Bookmakers over at Bovada elected to forgo the cat in the hat in favor of an ace up their sleeve when they posted odds that more Dr. Seuss books would be removed from publication this year.

Will Any Additional Dr. Seuss Books Be Removed From Publication In 2021? Odds
Yes +350
No -600

Dr. Seuss CANCELLED

The six Dr. Seuss books that will cease publication moving forward include his first book, “And to Think That I Saw It on Mulberry Street,” which depicts an Asian person using chopsticks when eating from a bowl and wearing a conical hat. It’s worth noting this first Seuss book was published in 1941 during World War II. The other five discontinued books are “If I Ran a Zoo,” “McElligot’s Pool,” “On Beyond Zebra!,” “Scrambled Eggs Super!,” and “The Cat’s Quizzer,” which posed the question “How old do you have to be to be a Japanese.”

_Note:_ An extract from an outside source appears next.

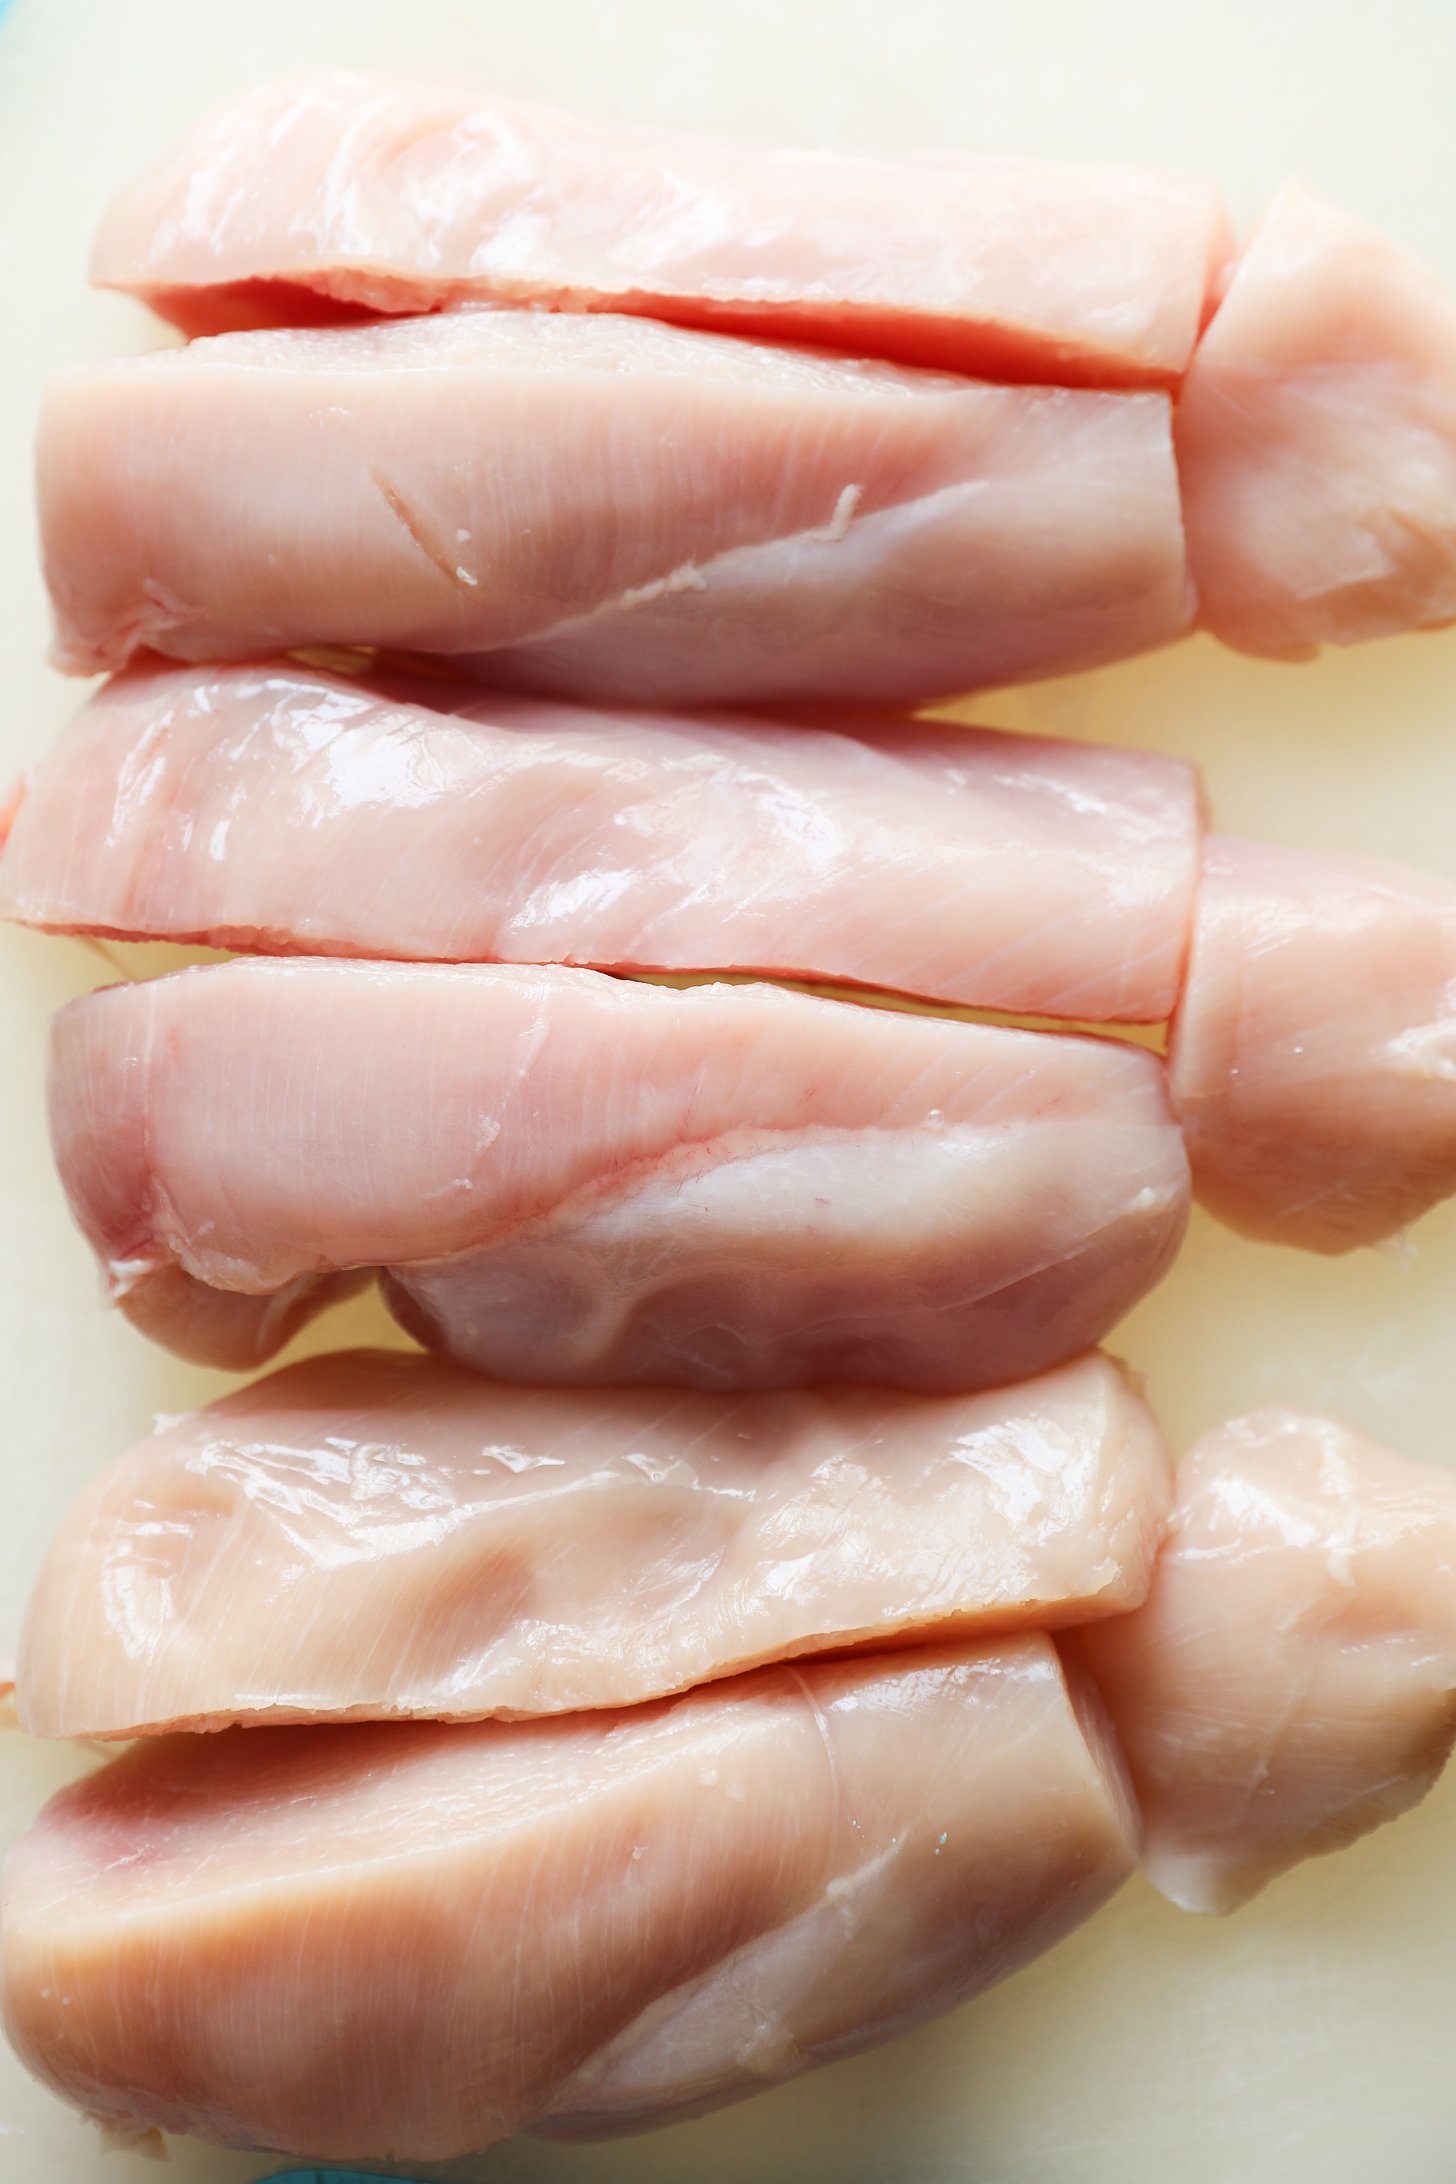 Close up image of chicken breast fillets slit in half with the ends cut off.

Dr. Seuss books no longer published

“The Cat’s Quizzer” (Dr. Seuss)

Despite the headline-snatching controversy swept up in the 24-hour news cyclone, Dr. Seuss’ step-daughter is defending the iconic author. She recently told the New York Post:

“There wasn’t a racist bone in that man’s body — he was so acutely aware of the world around him and cared so much,’’ Lark Grey Dimond-Cates said. However, she understood why the business decision was made.

“I think in this day and age it’s a wise decision,” she told the NY Post. “I think this is a world that right now is in pain, and we’ve all got to be very gentle and thoughtful and kind with each other.”

Once Dr. Seuss Enterprises’ announcement became widespread, sales of the divisive titles started to soar on Amazon, while eBay made the executive decision to pull book listings of entrepreneurial opportunists looking to cash in on the controversy.

Speaking of cash, Dr. Seuss is the second-highest paid celebrity no longer with us behind only Michael Jackson. According to Forbes, Seuss, who passed away in 1991, sold six million books and raked in $33-million in 2020.

One Meme, Two Meme, Red Meme, Blue Meme

The Dr. Seuss decision came less than a week after Hasbro created a cloud of confusion when it announced that the company was dropping the “Mr.” from their Potato Head line of kid’s toys – in an effort to be more inclusive – but still keeping the Mr. and Mrs. Potato Head characters. This outrage pivot allowed pundits to momentarily swap out their torches for pitchforks and, oh yeah, a bountiful crop of topical memes were harvested.

It also allowed for a fresh batch of “whataboutism” to flourish. While the 2021 Grammy Award ratings were down 53% to a record low, it appears enough eyeballs caught Meg Thee Stallion and Cardi B’s provocative performance of their hip-hop hit, “WAP.” This immediately led to some itchy Tweetin’ fingers to fire off hot take after hot take wondering how they cancel Seuss and embrace “WAP.”

The ongoing debate is a delicate, ahem, dance for sure.

Pop Culture Odds

It’s hard to gauge which entertainment genre will be “cancel culture’s” next target. However, the executives over at Turner Movie Classics, or TCM on your channel guide, have made strides to get out in front of any potential efforts to blacklist famous movies. TCM’s “Reframed: Classic Films In The Rearview Mirror” has a primary function, “The goal is never to censor, but simply provide rich historical context to each classic.” So, they’ll be screening iconic 20th century movies like “Gone With the Wind” from a 21st century perspective via a roundtable panel discussion.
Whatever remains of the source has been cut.